The new National Litter and Flytipping strategy has the potential to have a range of effects on Scottish biodiversity flora and fauna by preventing or limiting waste materials entering and affecting the environment. The assessment considers the anticipated changes to Scottish biodiversity through the implementation of the proposed actions to prevent litter and flytipping, developed across the four strategy themes: behaviour change; infrastructure and services; enforcement; and data and research.

Although the adverse impacts of litter and flytipping on biodiversity may be similar it is recognised that litter and flytipping are distinct issues with different drivers, so the assessment provides separate appraisals of the actions proposed for the Litter strategy (Table 4-3) and the Flytipping strategy (Table 4-4). The SEA criteria for assessing the effects on biodiversity, flora and fauna are listed at the start of each table. The effects against these criteria are considered against a baseline which is effectively a continuation of the existing National Litter Strategy.

4.3.2 Results

The tables below provide summary assessments of the likely significant environmental effects of implementing proposed actions to prevent litter and flytipping across the four strategy themes, with regard to biodiversity, flora and fauna. Table 4-3 presents the results of the assessment of actions for Litter and Table 4-4 present the findings assessing the actions for the Flytipping.
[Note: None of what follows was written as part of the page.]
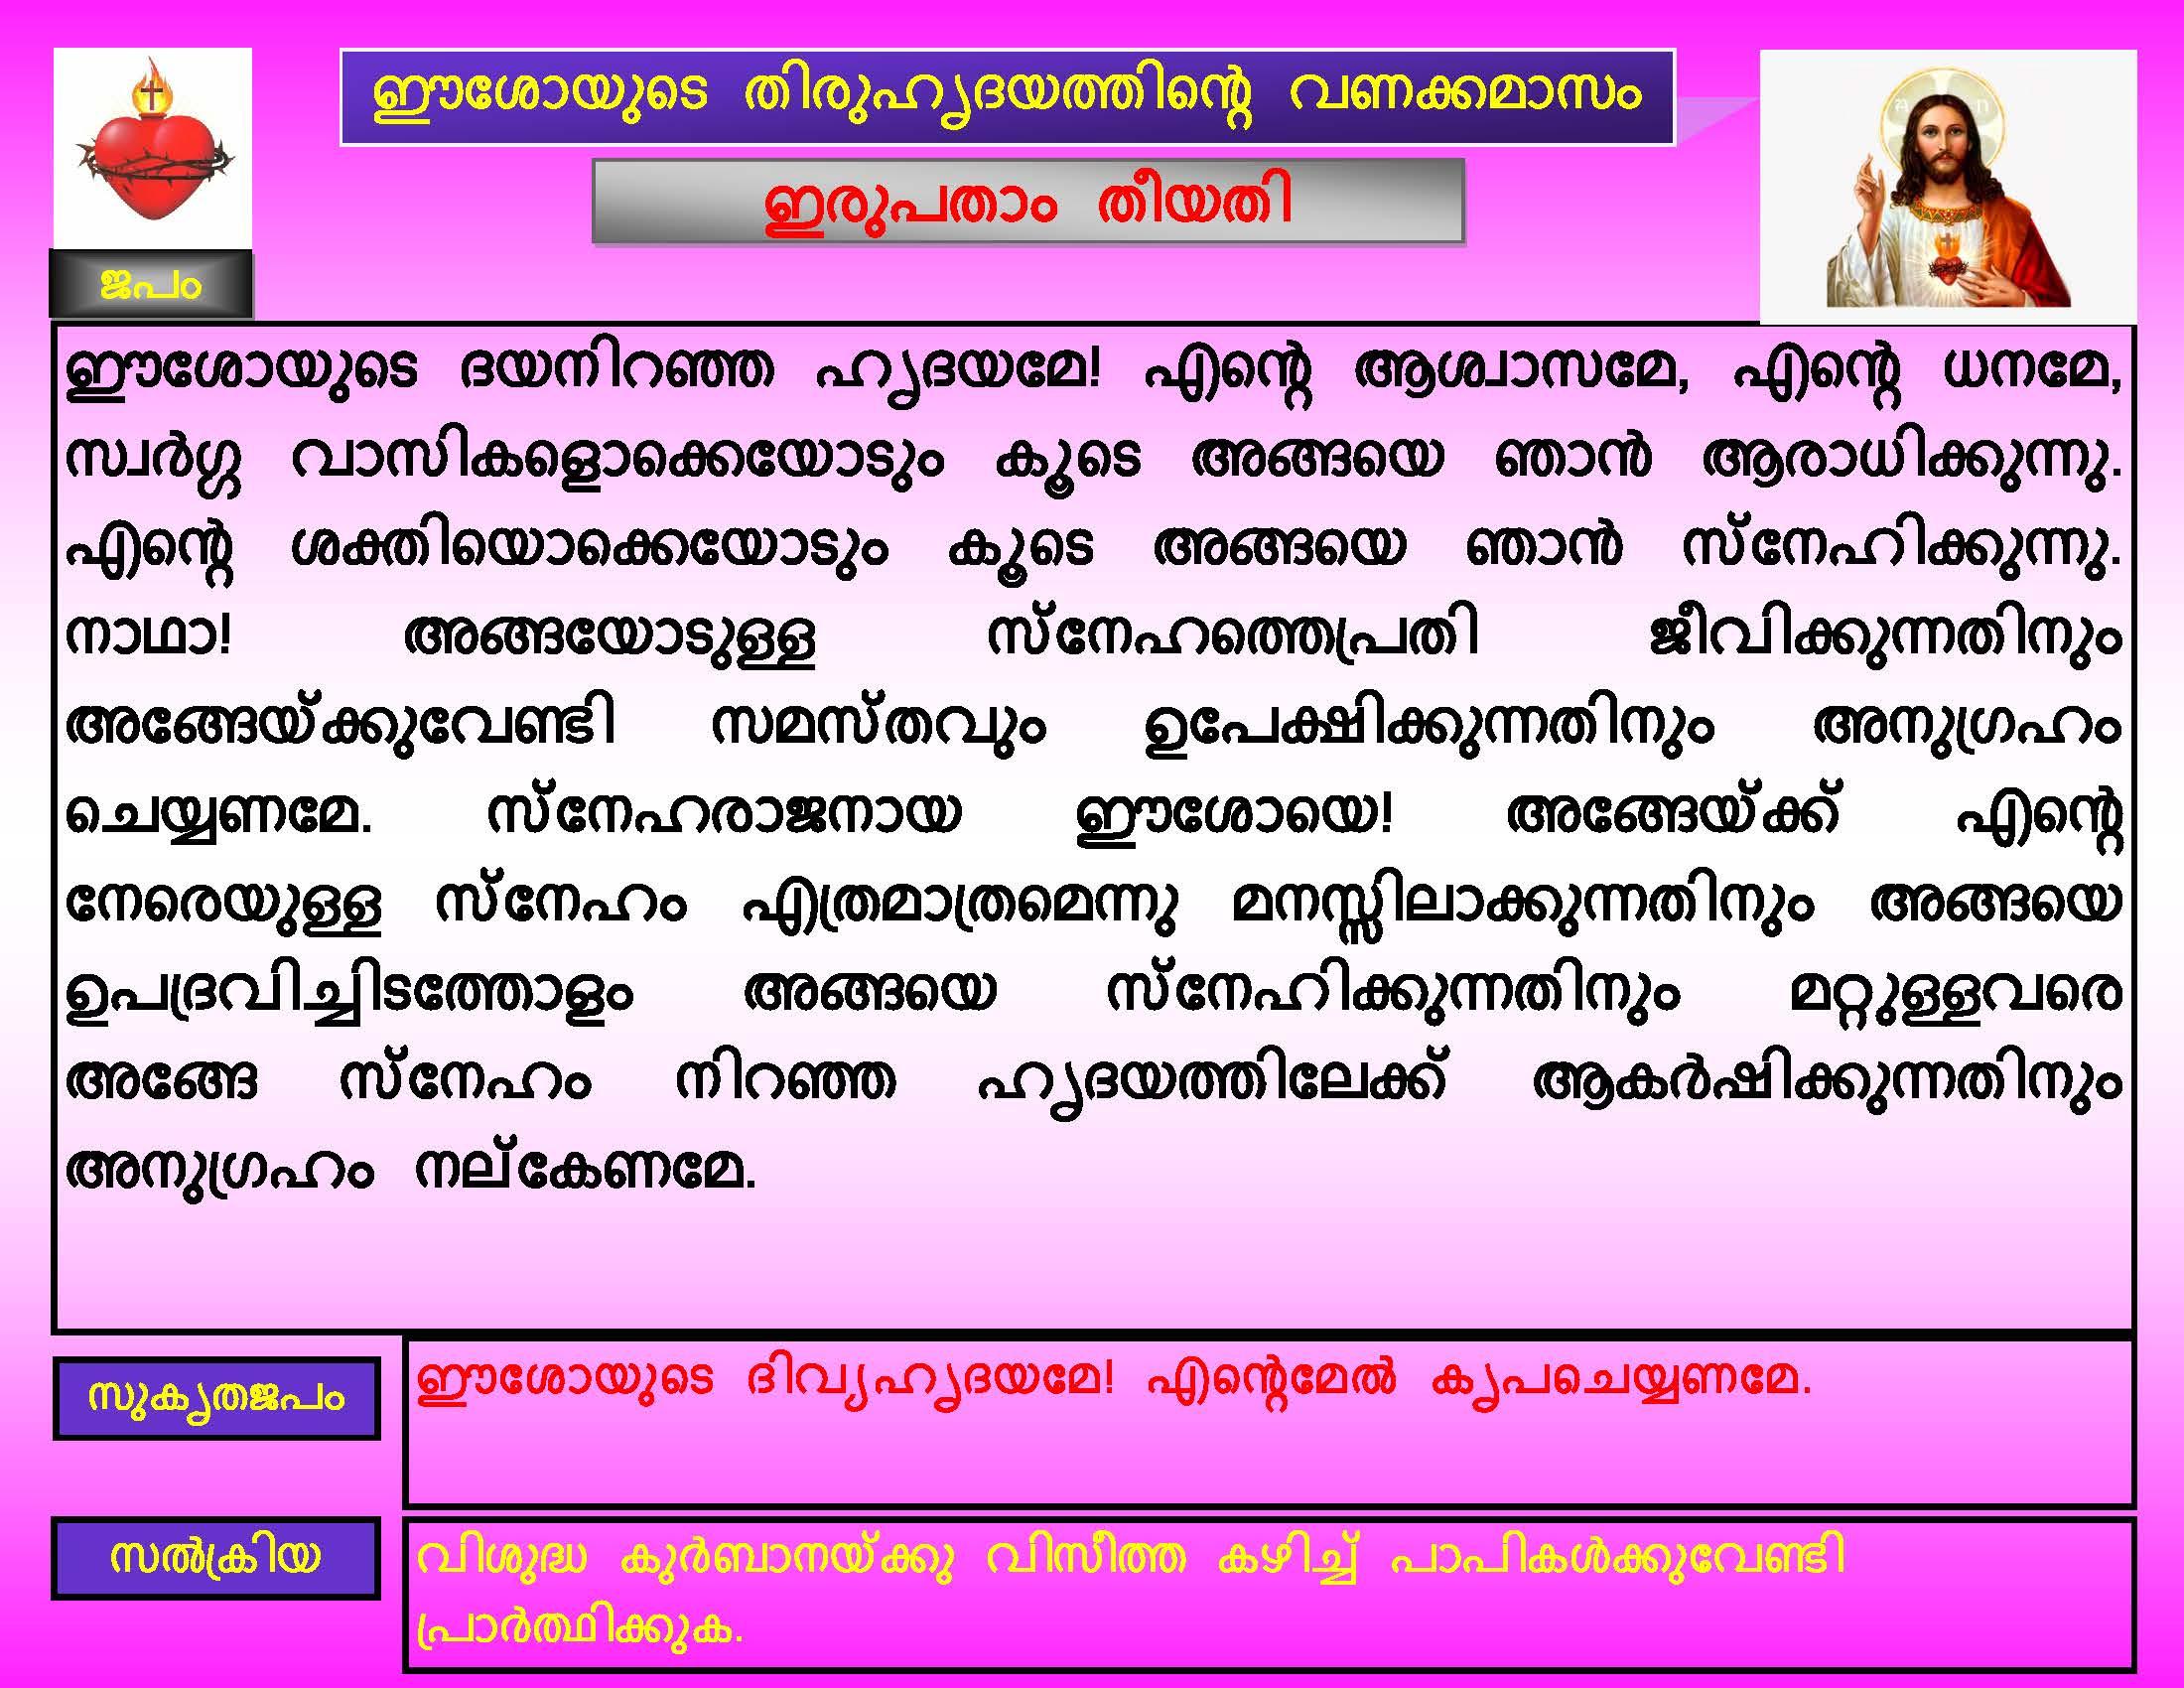 Thiruhrudaya Vanakkamasam - Day 20

The key to each assessment score is shown below:

Score Key:

++ Significant positive effect

+ Minor positive effect

0 No overall effect

- Minor negative effect

-- Significant negative effect

? Score uncertain

NB: Where a box contains a “?” but also another Score Key, this indicates uncertainty over whether the effect could be a minor or significant effect although a professional judgement is expressed in the Score Key used. A conclusion of uncertainty arises where there is insufficient evidence for expert judgement to conclude an effect.

Table 4-3 Assessment of Effects of Litter Actions on SEA Criteria for Biodiversity, Flora and Fauna

Litter Strategy

Biodiversity, Flora and Fauna

SEA Criteria:

  • To safeguard terrestrial, marine and coastal ecosystems, including species and habitats, and their interactions.
  • To avoid pollution of the terrestrial, coastal and marine environments.
  • To maintain or work towards good ecological and environmental status.

Behaviour Change – Actions

Overall Score: +/?

Conduct research to understand the full range of influences on littering behaviours across various contexts and audience groups.

Action Score: +/?

Develop a sustained, evidence based, national anti-littering campaign and deliver this consistently and collaboratively across Scotland.

Action Score: +

Commentary:

The actions for behaviour change on littering are expected to provide increased awareness of both the reasons for littering and how these interplay with impacts on biodiversity. However, the effectiveness of research in preventing the harmful impacts of littering on biodiversity are as yet unproven, so the significance of the effects from behaviour change are uncertain.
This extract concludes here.